Sin proselitismos pero con contundencia

>Los pueblos maduran como las personas a base de encontronazos: zascandiles que se cruzan en tu vida, zancadillas de quienes creías amigos, ese es el lado oscuro; pero también está el lado de la luz: gente que te echa una mano con altruismo; profesionales que te aconsejan en momentos de dudas.

Nosotros ahora estamos asistiendo a esa pulsión entre el lado oscuro y el de la luz. Tenemos la esperanza de que de esta crisis salga algo mejor, un mundo renovado. Y lo esperamos porque el abismo no es un lugar agradable donde pasar el resto de la vida.

Personalmente tengo mucha esperanza con la recristianización de Europa. Hemos caído tan bajo, estamos tan inmersos en una sociedad que ha hecho vacío de sus principios para sustituirlos por un consumismo desaforado y un nihilismo amorfo, que solo queda resurgir de las cenizas. Y lo haremos en minoría pero con mayor autenticidad.

Algo se barrunta en la nueva evangelización de las parroquias. Se implantan nuevos estilos que no son mero consumismo de sacramentos. Hay que hacer visible la Iglesia que camina junto a los más desfavorecidos y la que ora por toda la humanidad doliente.
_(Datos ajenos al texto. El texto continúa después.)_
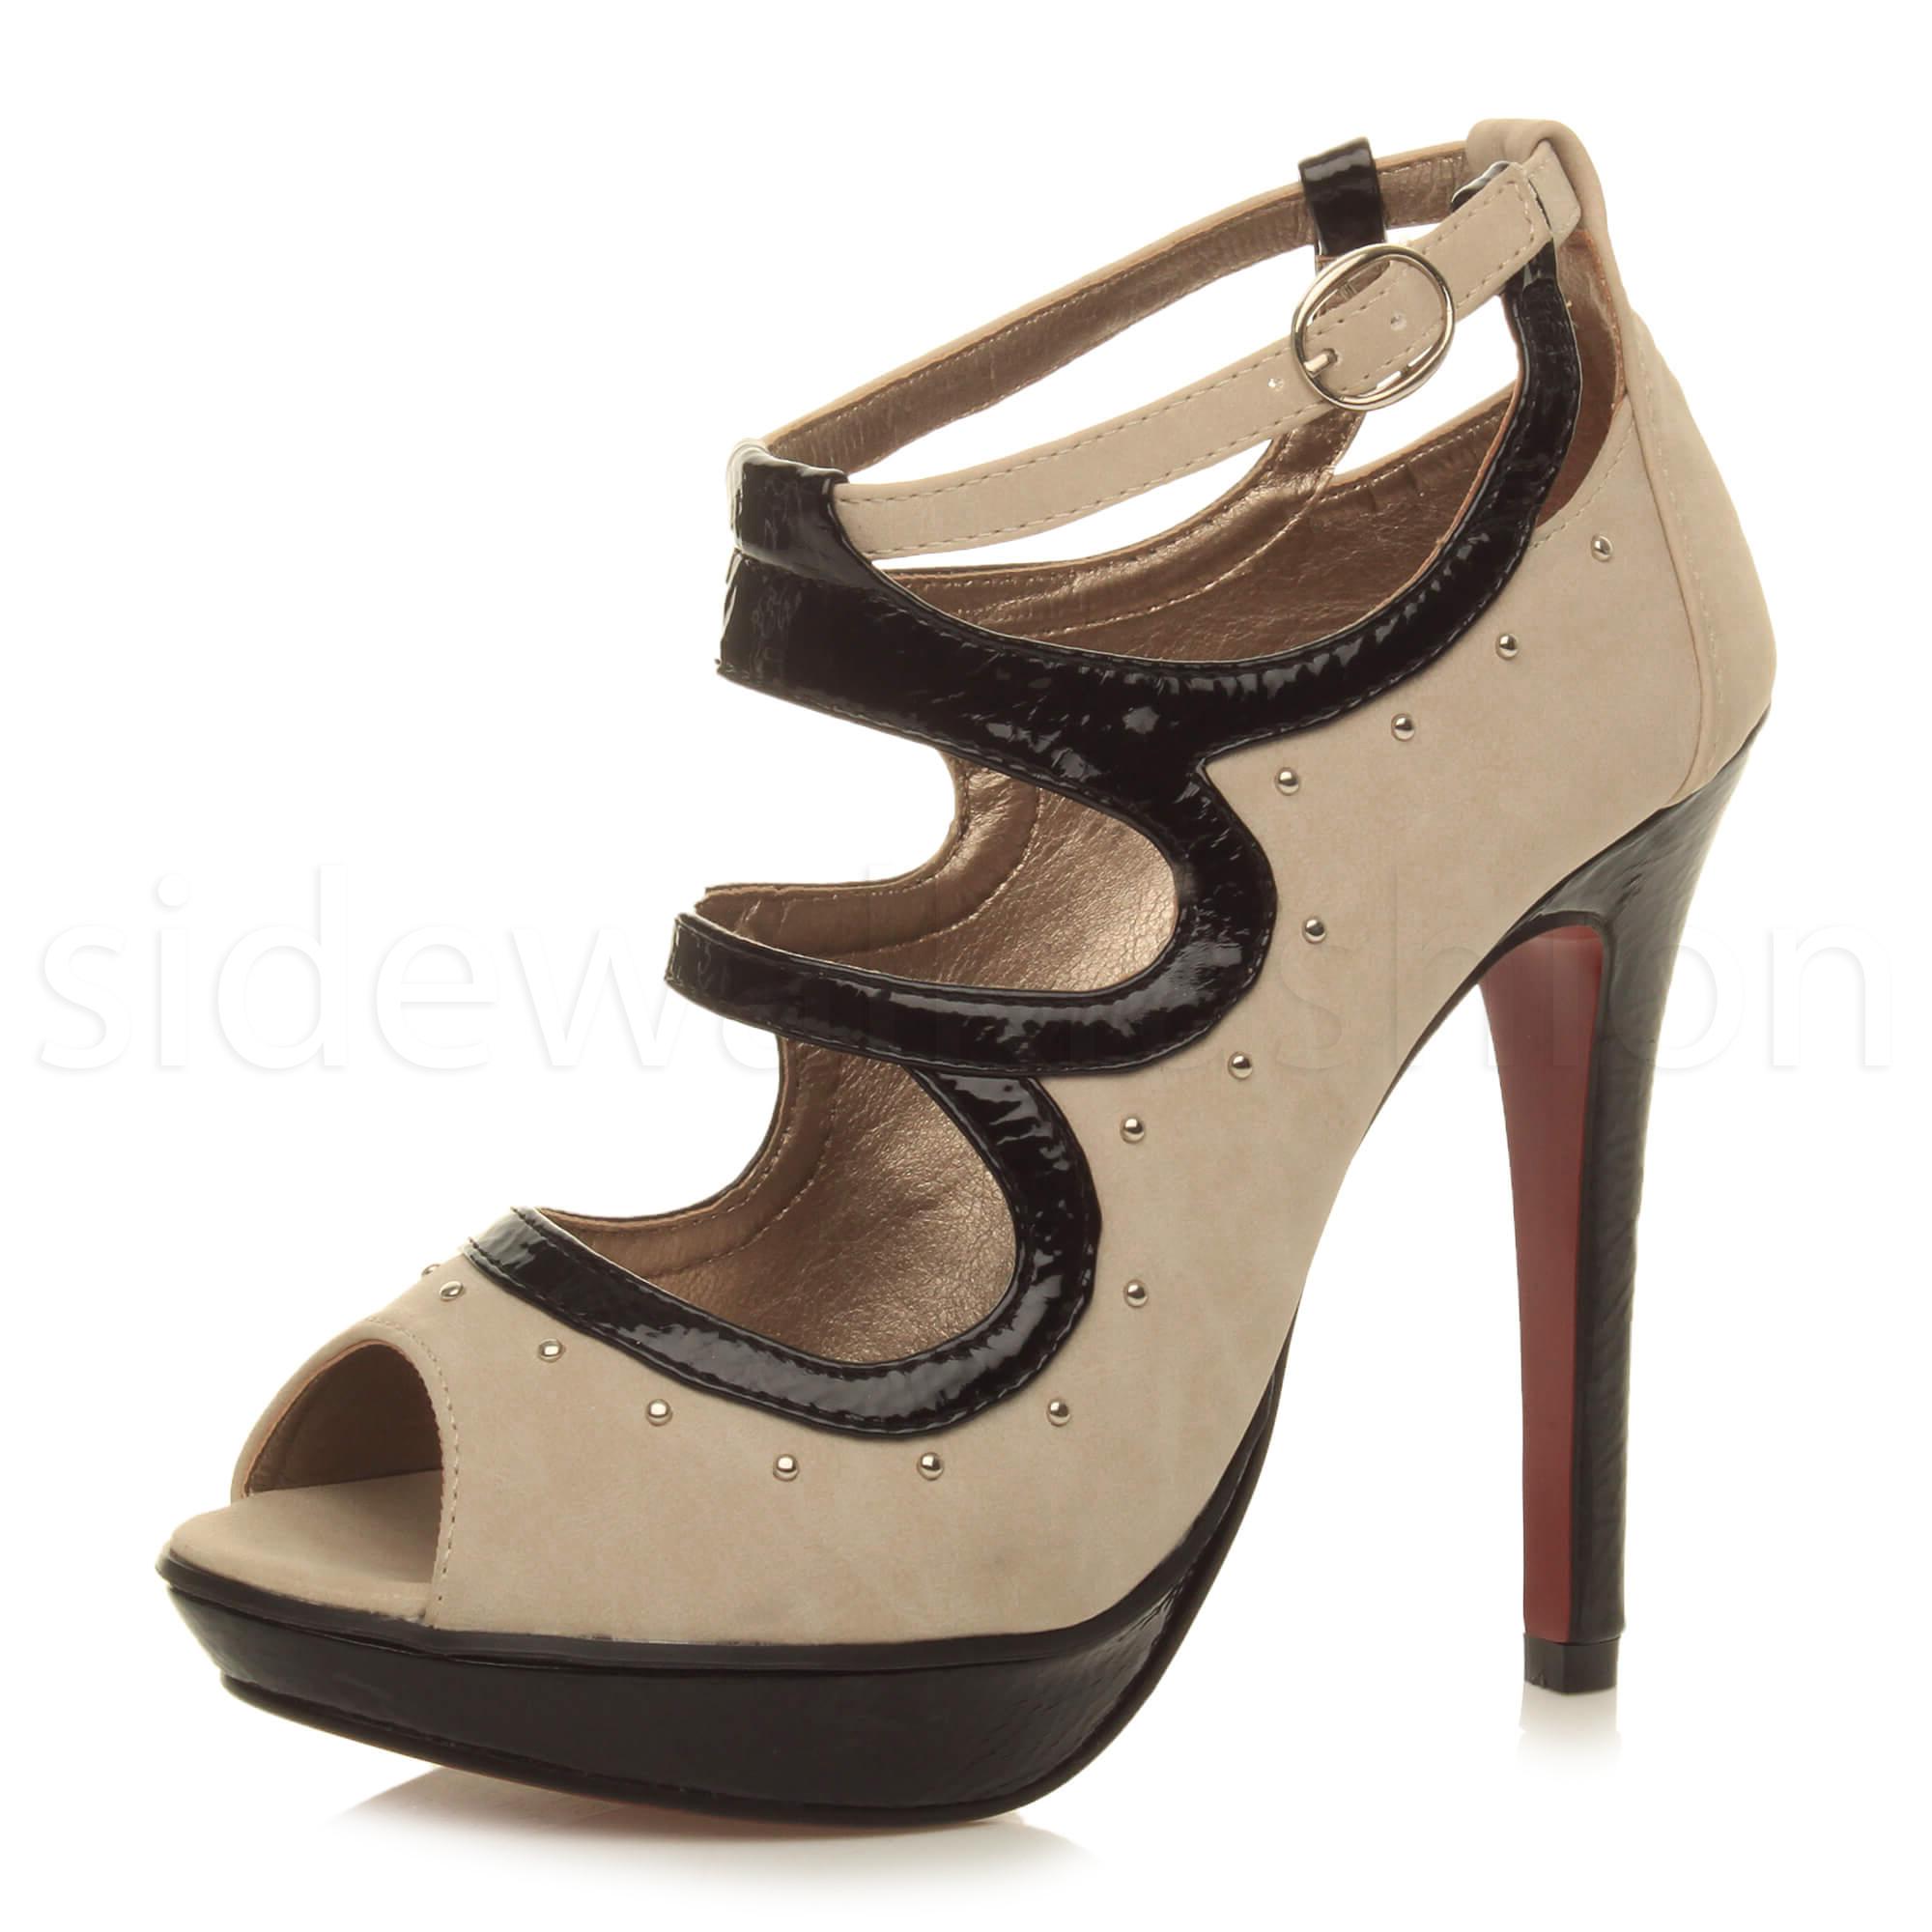 745932bb77f Womens ladies high heel platform studded cut out sandals peep toe ...

El encuentro con Dios se suscita con preguntas sobre los humano y lo divino. Y del diálogo abierto surge la inquietud. El compartir se hace necesario y el salir al encuentro del otro una prioridad si no queremos seguir vegetando de las mismas fuentes y con las mismas gentes. Para llegar al otro habrá que hacer algo, en eso la Iglesia precisamente es maestra durante décadas desde el Vaticano II.

Pero quienes vivieron aquella primavera genial, son ahora personas desencantadas que han visto el invierno eclesial más que florecer las semillas sembradas. Sin embargo esa es la dinámica de la obra de Dios, que no sigue nuestros caminos. El nos ha prometido que estará con nosotros hasta el final de los tiempos. Y mientras llega ese momento, sabemos que hay brotes verdes que surgen puntualmente. Hay que darlos a conocer, hacerlos visibles. Son jóvenes que apuestan por Dios y dejan sus brillantes carreras aparcadas para ponerse al servicio del Reino.
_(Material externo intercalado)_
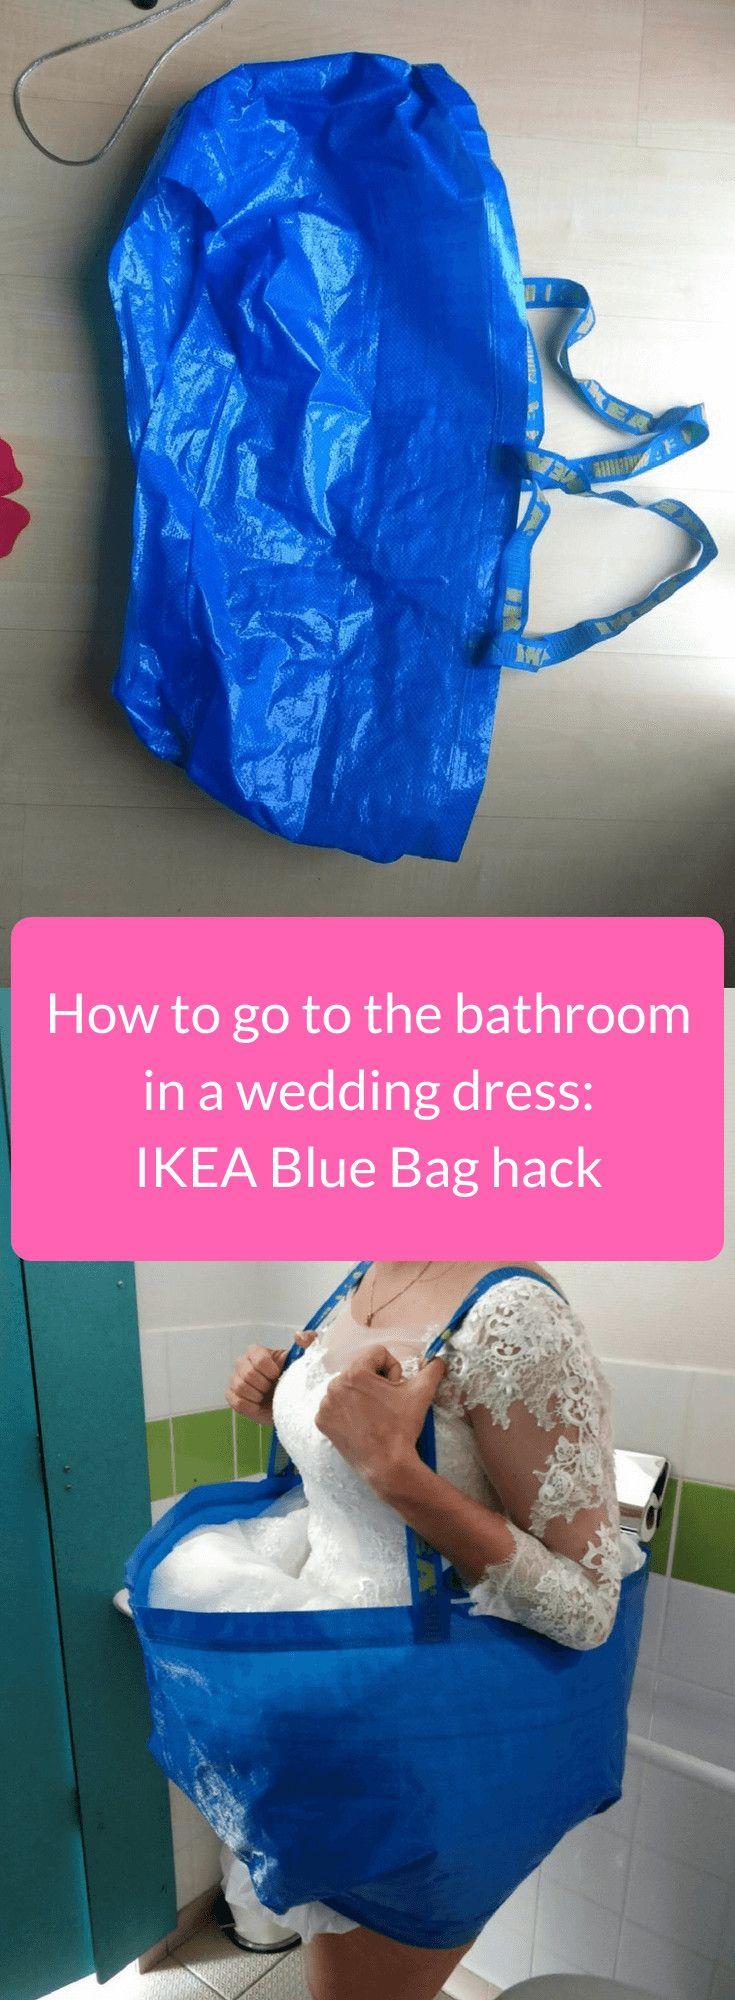 How To Go The Bathroom In A Wedding Dress An Ikea Blue Bag Hack

Luego están las parroquias que no atraen a la juventud, porque éstos están a otras cosas, vienen de familias donde no se ha cultivado la fe desde la infancia, consumen los sacramentos como un acontecimiento social y planean como drones sin aterrizar en el encuentro con Dios.

El diálogo fe cultura es hoy si cabe más difícil que nunca, puesto que la fe ya no está incardinada en la cultura y la sociedad, quedan los vestigios de las épocas donde desde pintores, filósofos, literatos y otros miembros creativos de la sociedad, participaban del hecho religioso en sus obras. Había un mecenazgo cultural que está reflejado en los museos y las obras arquitectónicas o literarias.

Por eso el mundo virtual de las redes tiene que ser conquistado, así como la televisión y el cine. Necesitamos dar testimonio en todos los ámbitos sociales y si cabe no parecer bichos raros. sino personas con unos principios que les hacen felices.

Entramos por tanto en la dinámica de buscar una nueva evangelización sin proselitismos, dice el Papa Francisco, pero con contundencia se aprestan a añadir los entendidos.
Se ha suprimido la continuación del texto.